What's with Index Funds?
We’ve all heard from Mr Warren Buffet, either directly or indirectly (through social media) about this. If you haven’t, here is an excerpt from the Berkshire Hathaway 2013 shareholder letter: “My advice to the trustee could not be more simple: Put 10% of the cash in short-term government bonds and 90% in a very low-cost S&P 500 index fund. (I suggest Vanguard’s.) I believe the trust’s long-term results from this policy will be superior to those attained by most investors – whether pension funds, institutions or individuals – who employ high-fee managers.”
I’ll get to Government Bonds in another article. Let’s talk about Index Funds today.
An “index fund” is a type of mutual fund that seeks to track the returns of an index. The S&P 500 Index (USA) and the Nifty 50 Index (India) are examples of market indexes that index funds may seek to track.
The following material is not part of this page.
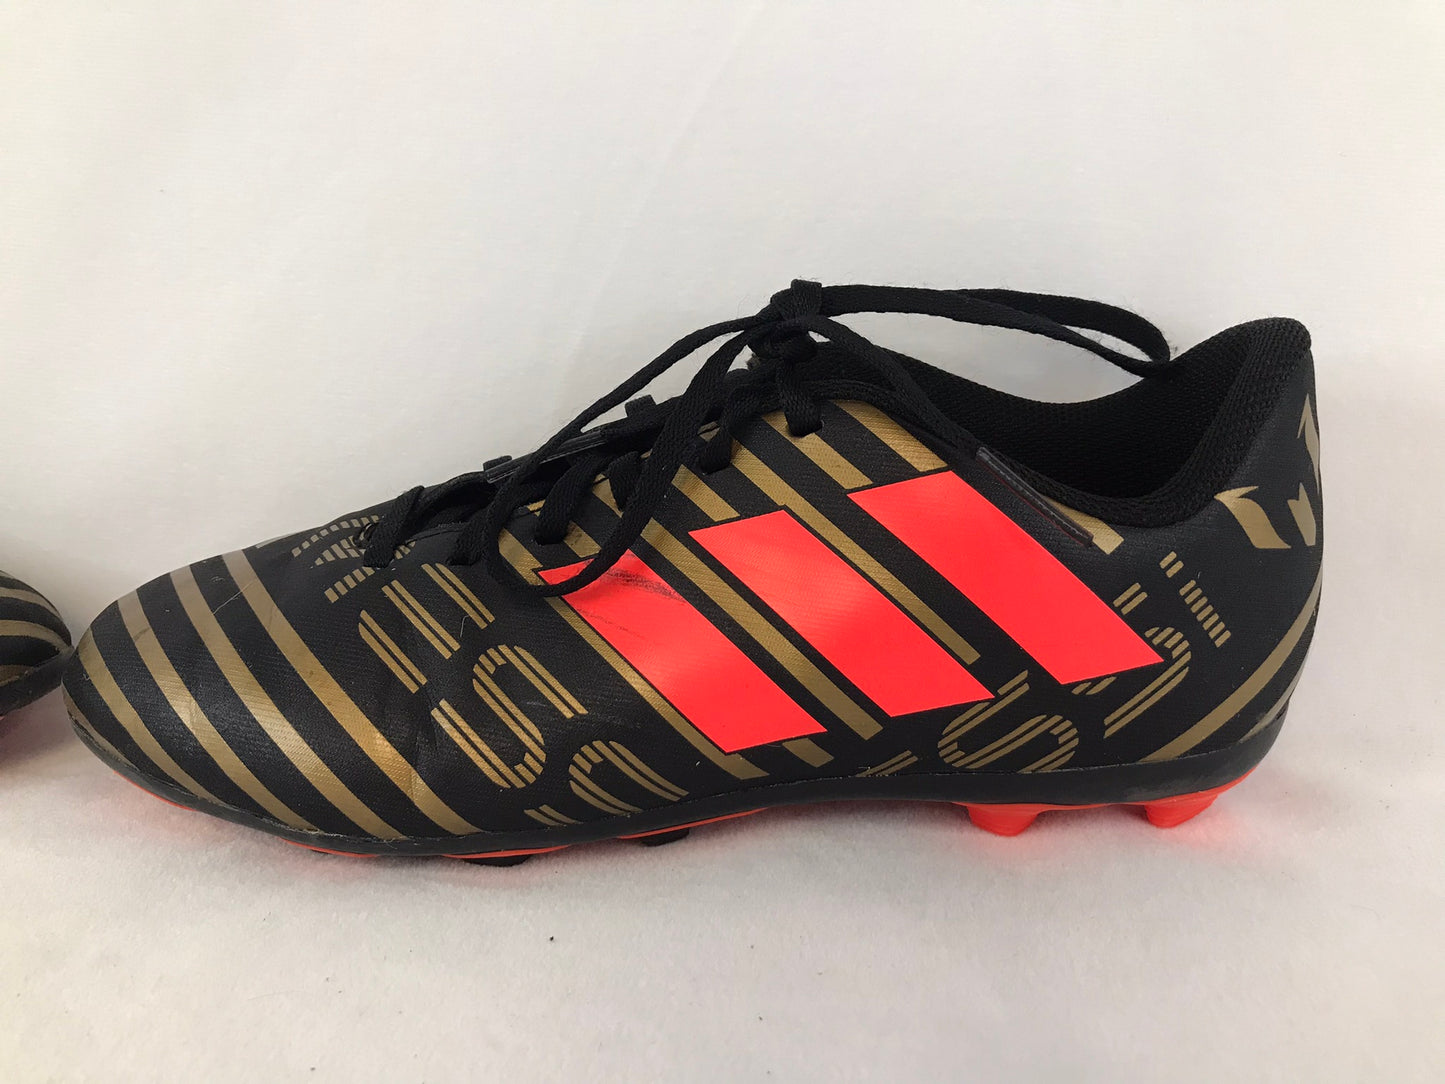 Soccer Shoes Cleats Child Size 5.5 Youth  Adidas Nemezziz Black Gold Orange

So why does Mr Buffet ask you and me to invest our money in these funds instead of specific companies like he does? Well, there are a number of roadblocks in front of us as retail investors. I talked about them here.
Now, coming to the benefits of index funds. One, they help you with diversification. You don’t have to go looking for individual companies in every industry you’re interested in, you have a part of all the companies in the respective index. Two, the fees associated is generally low, mainly because the fund managers have to copy the index composition only and not use their expertise too much. Three, the risk is lower than most other types of funds or stocks since indices typically would contain companies which have performed financially and management-wise adequately for at least a number of years. Four, not much research is needed since an index already would have the best companies possible for the respective industry/country.
On the other hand, with index funds, your return potential is capped, that is, you would almost never beat the market (because of tracking error- deviation from the index and fees). You would also have no control over the composition of the fund, that lies with the fund manager.
In short, if you want returns at par with the market, with low risk and little research than most other instruments, you can choose to invest in index funds.
There is another instrument to mirror the markets along with index fund: ETFs but I’ll be back with another article for that. This is it for this article.